WORK TASK: Restate the data below word for word. Skip any images it contains.

DATA BLOCK:
BEGIN
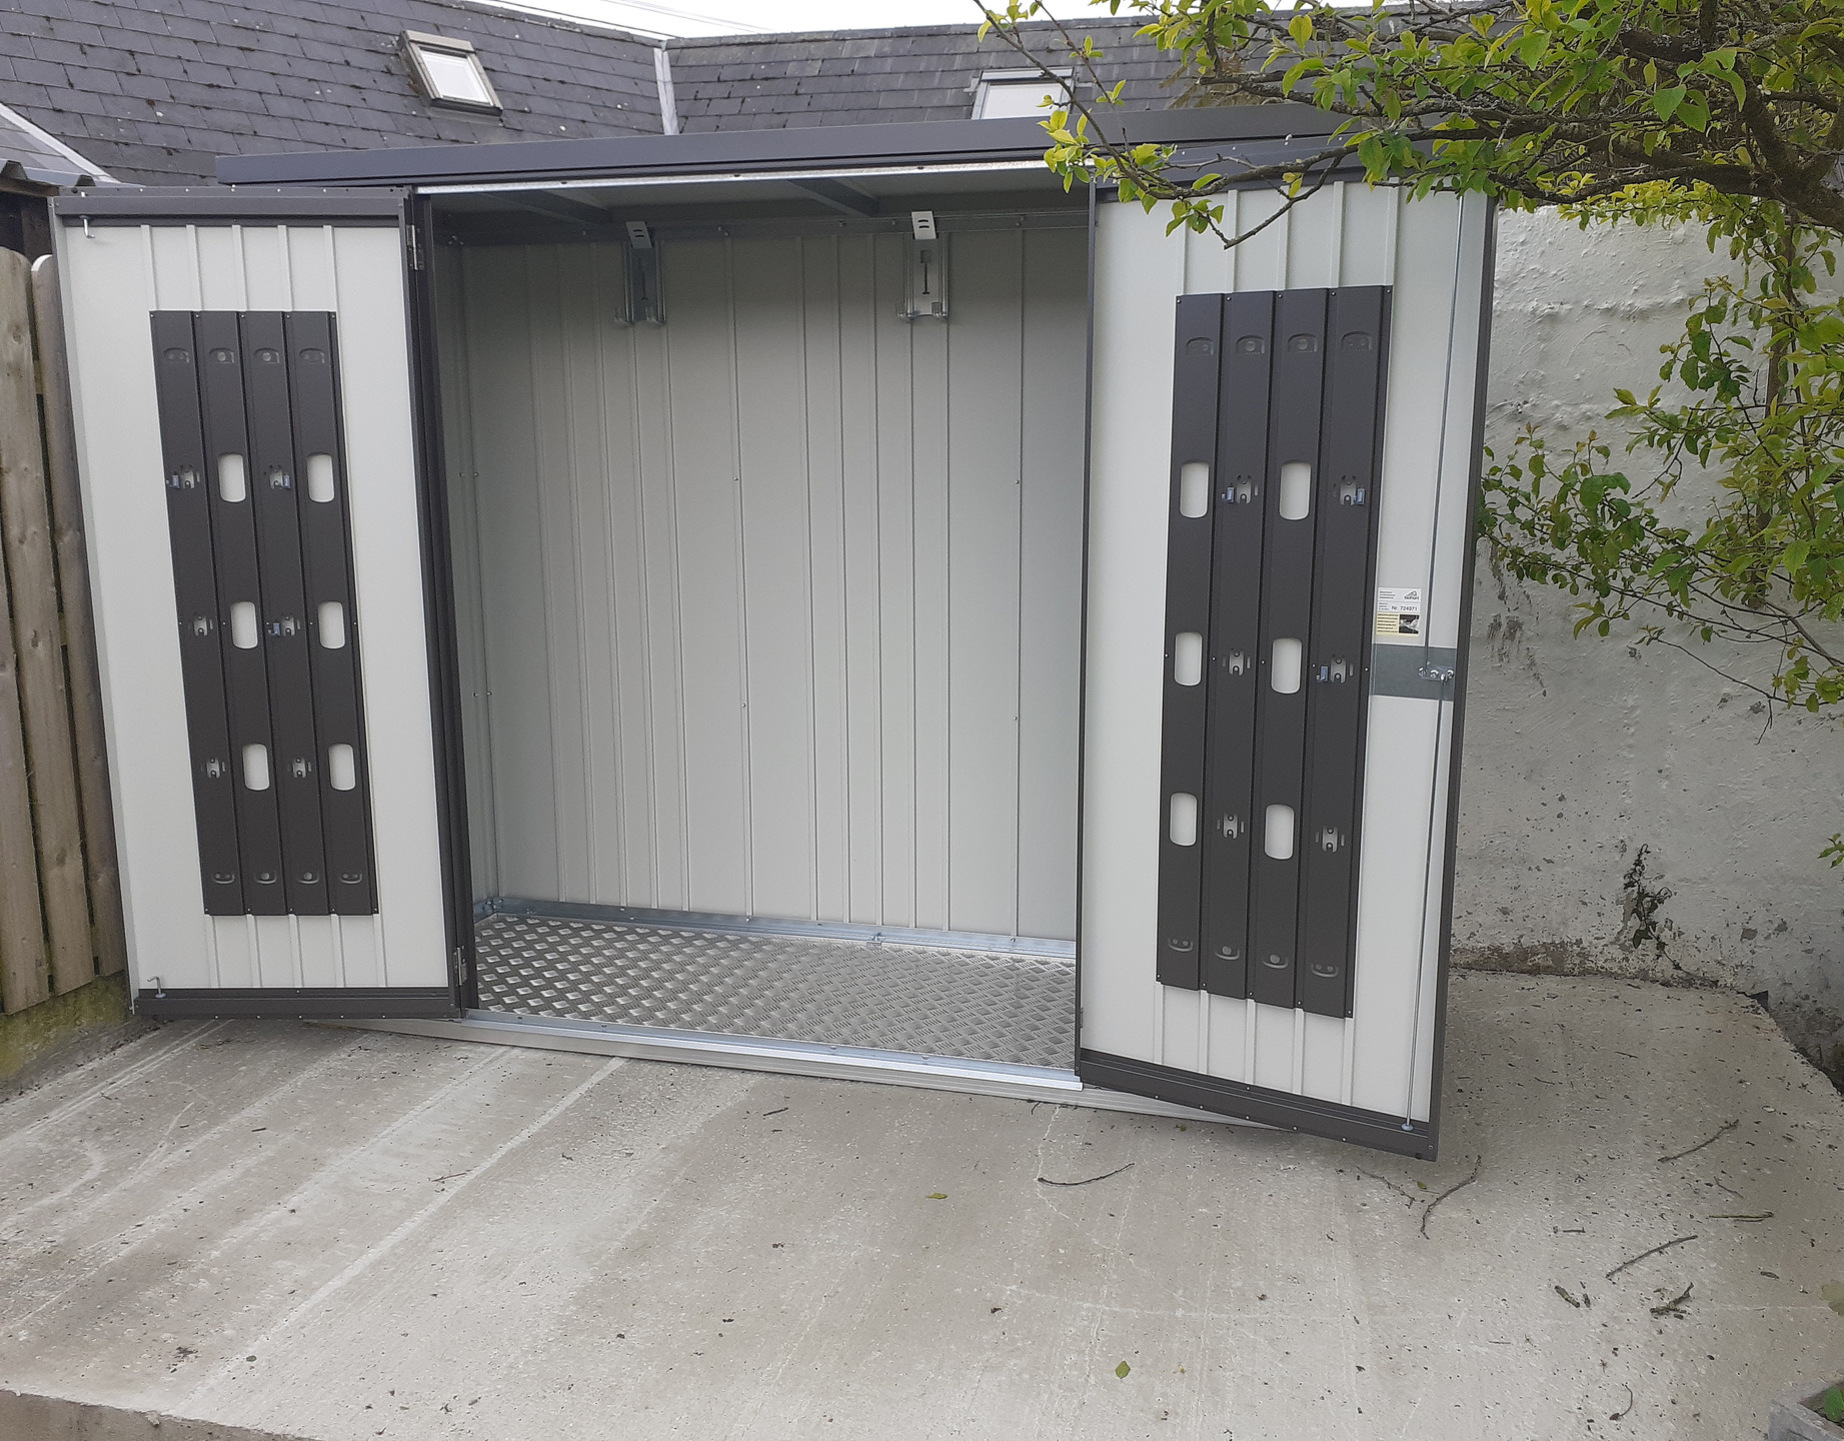 Biohort Equipment Locker 230 in metallic dark grey, supplied + fitted in Limerick  | Stylish, Versatile, Secure & Rainproof Garden Storage Solution
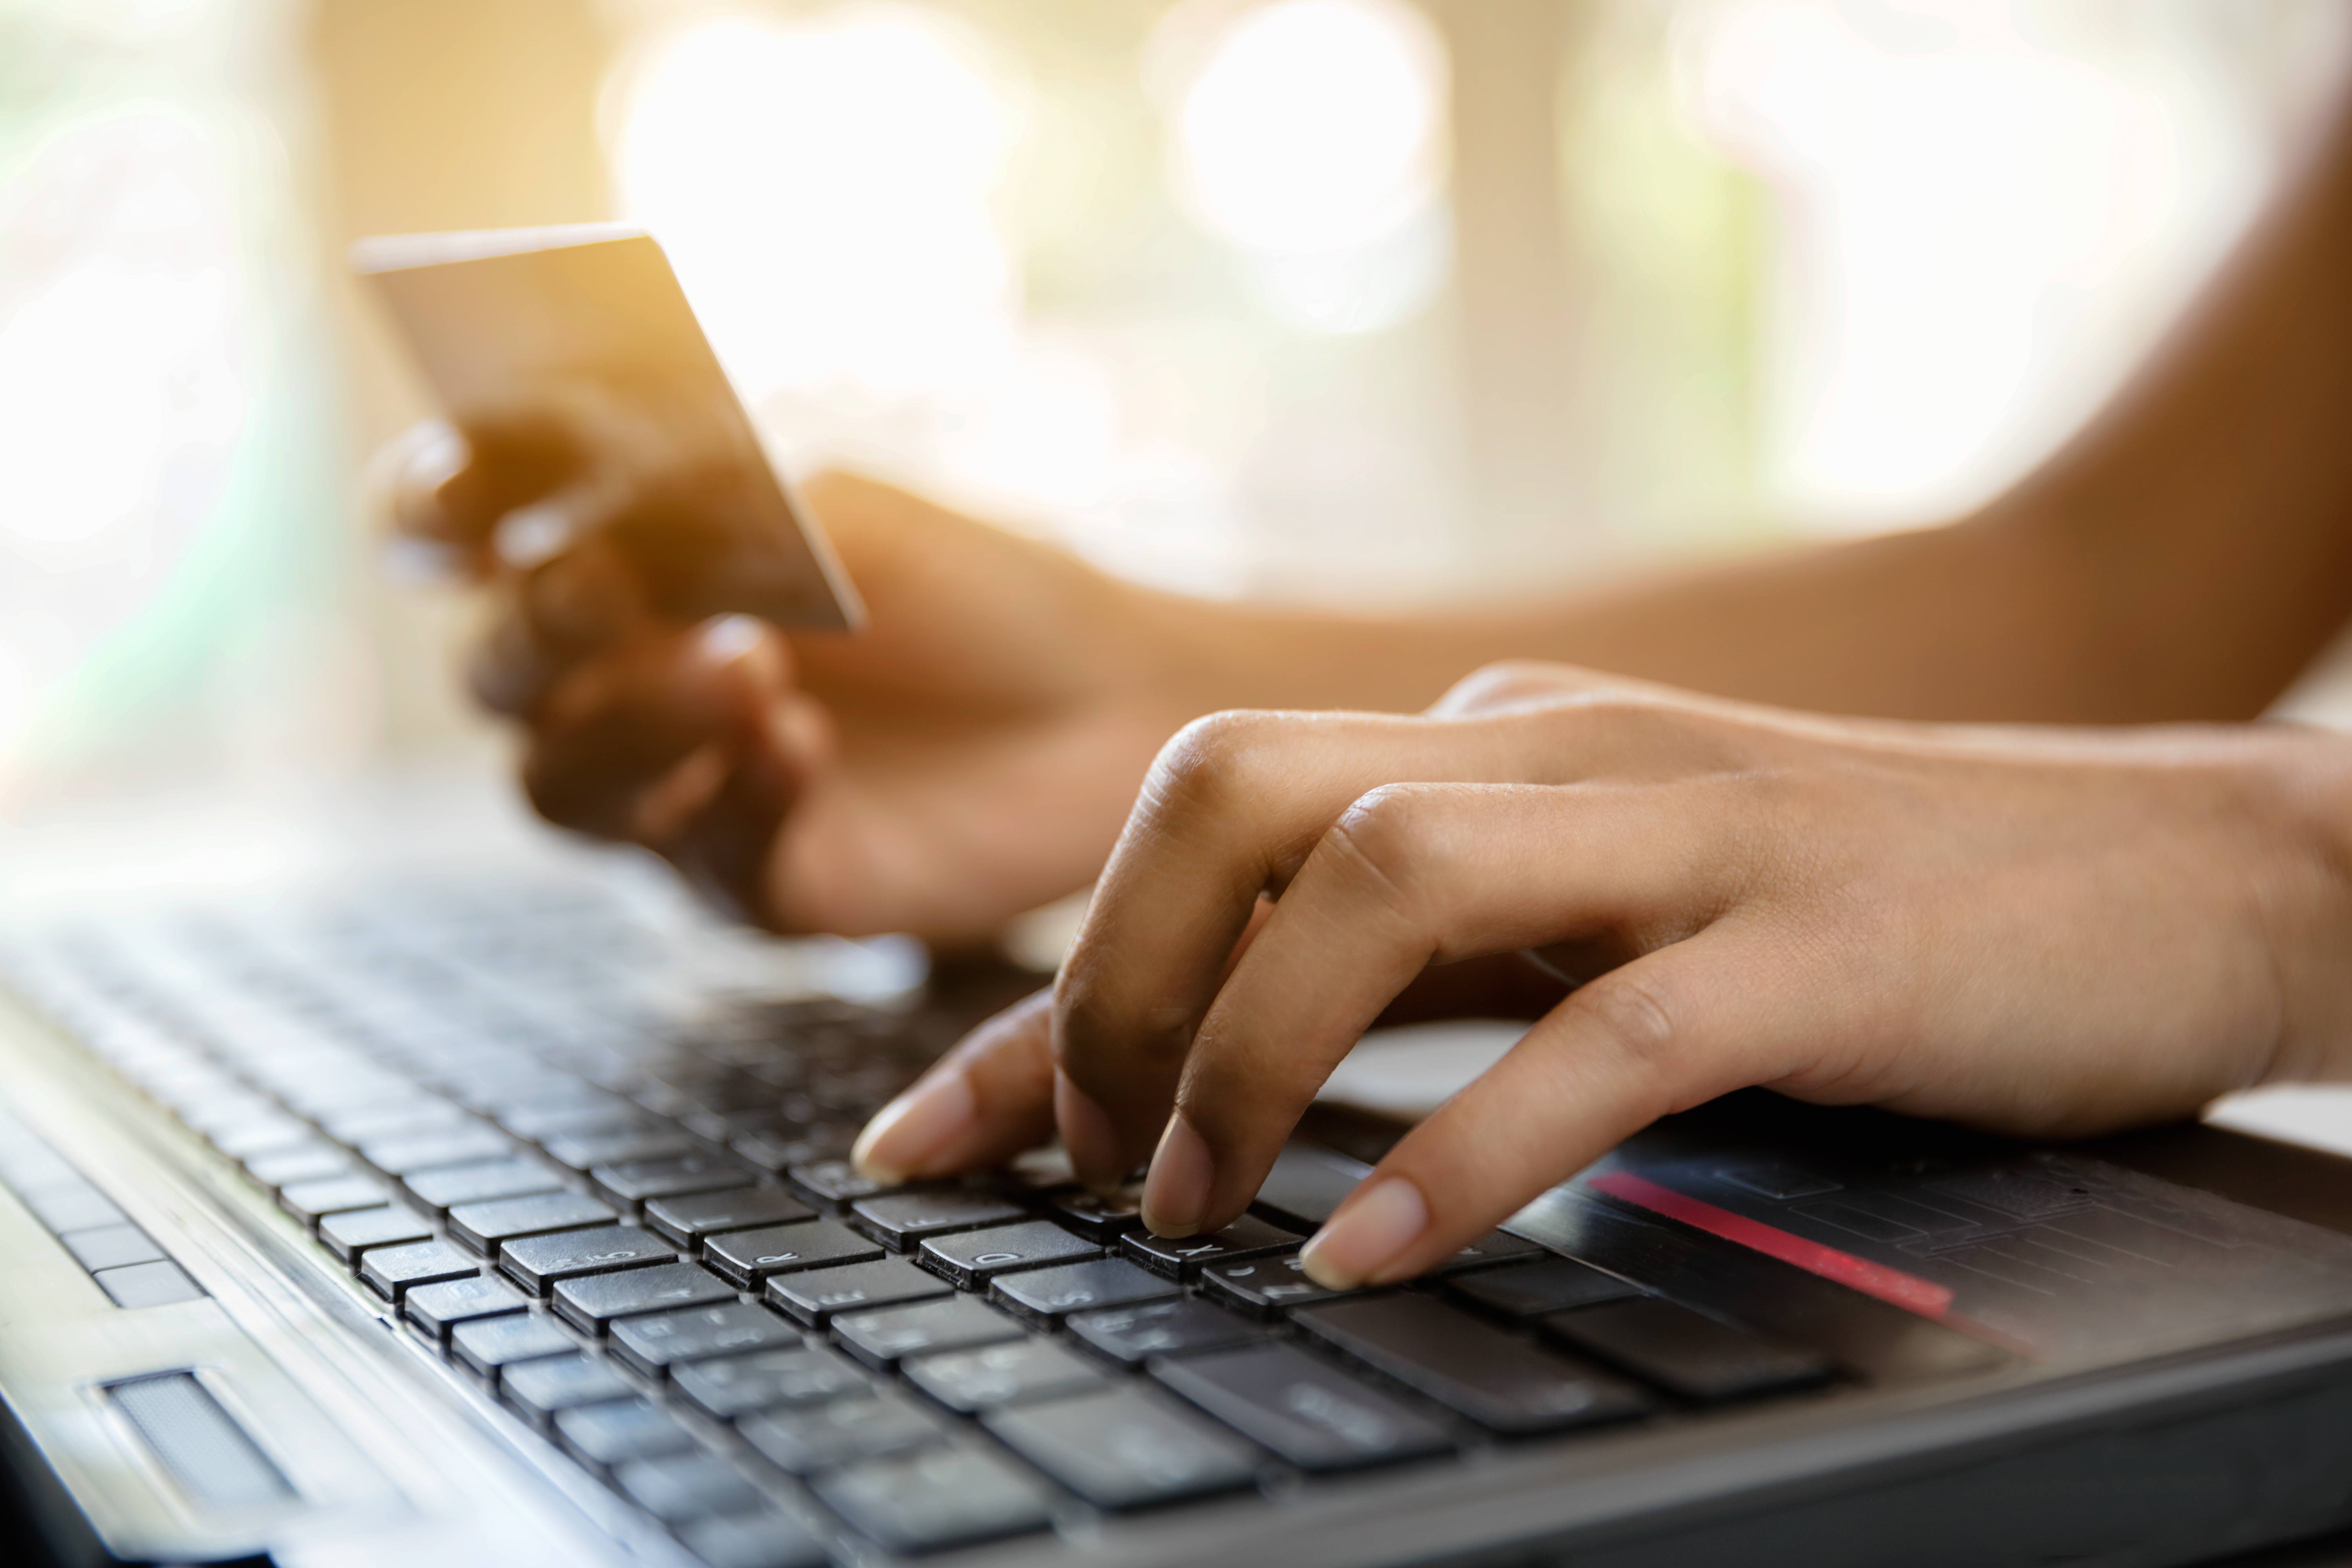 Imagen de manos sosteniendo una tarjeta de crédito y usando una computadora portátil para representar compras / comercio electrónico en línea.
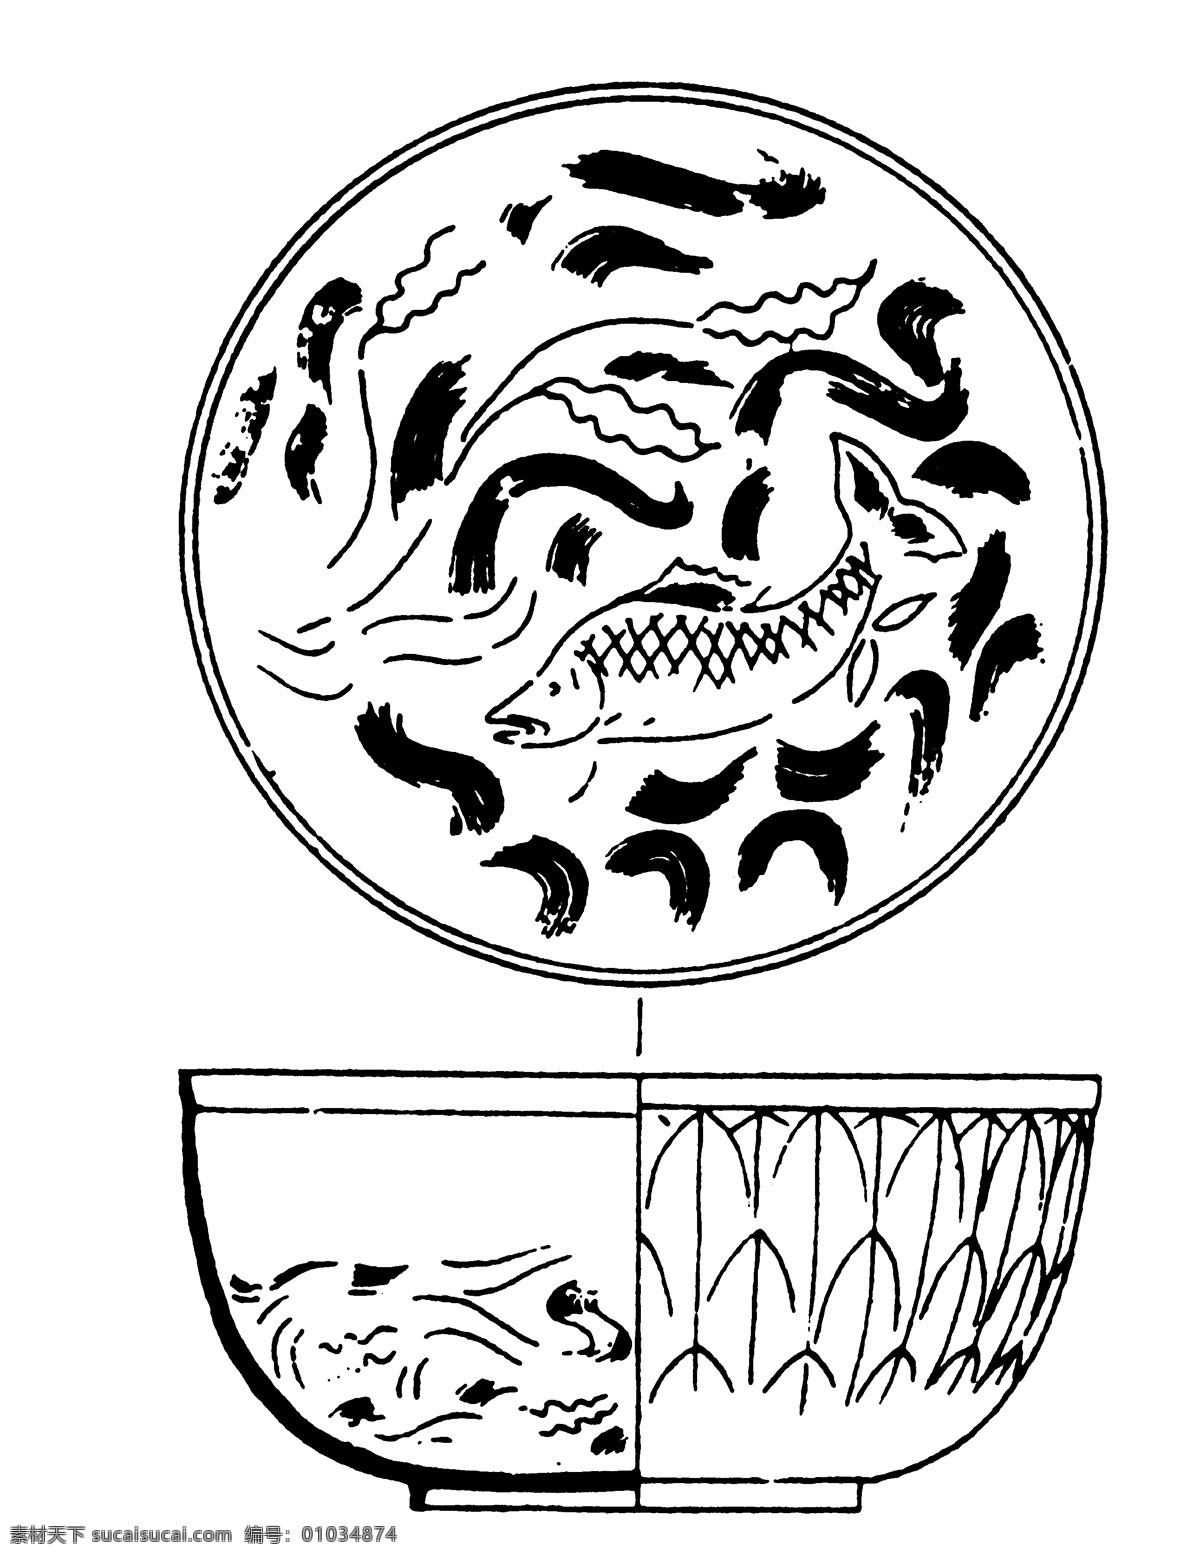 器物图案 两宋时代图案 中国 传统 图案 设计素材 装饰图案 书画美术 白色
END
WORKED SOLUTION:
 Biohort Equipment Locker 230 in metallic dark grey, supplied + fitted in Limerick  | Stylish, Versatile, Secure & Rainproof Garden Storage Solution
 Imagen de manos sosteniendo una tarjeta de crédito y usando una computadora portátil para representar compras / comercio electrónico en línea.
 器物图案 两宋时代图案 中国 传统 图案 设计素材 装饰图案 书画美术 白色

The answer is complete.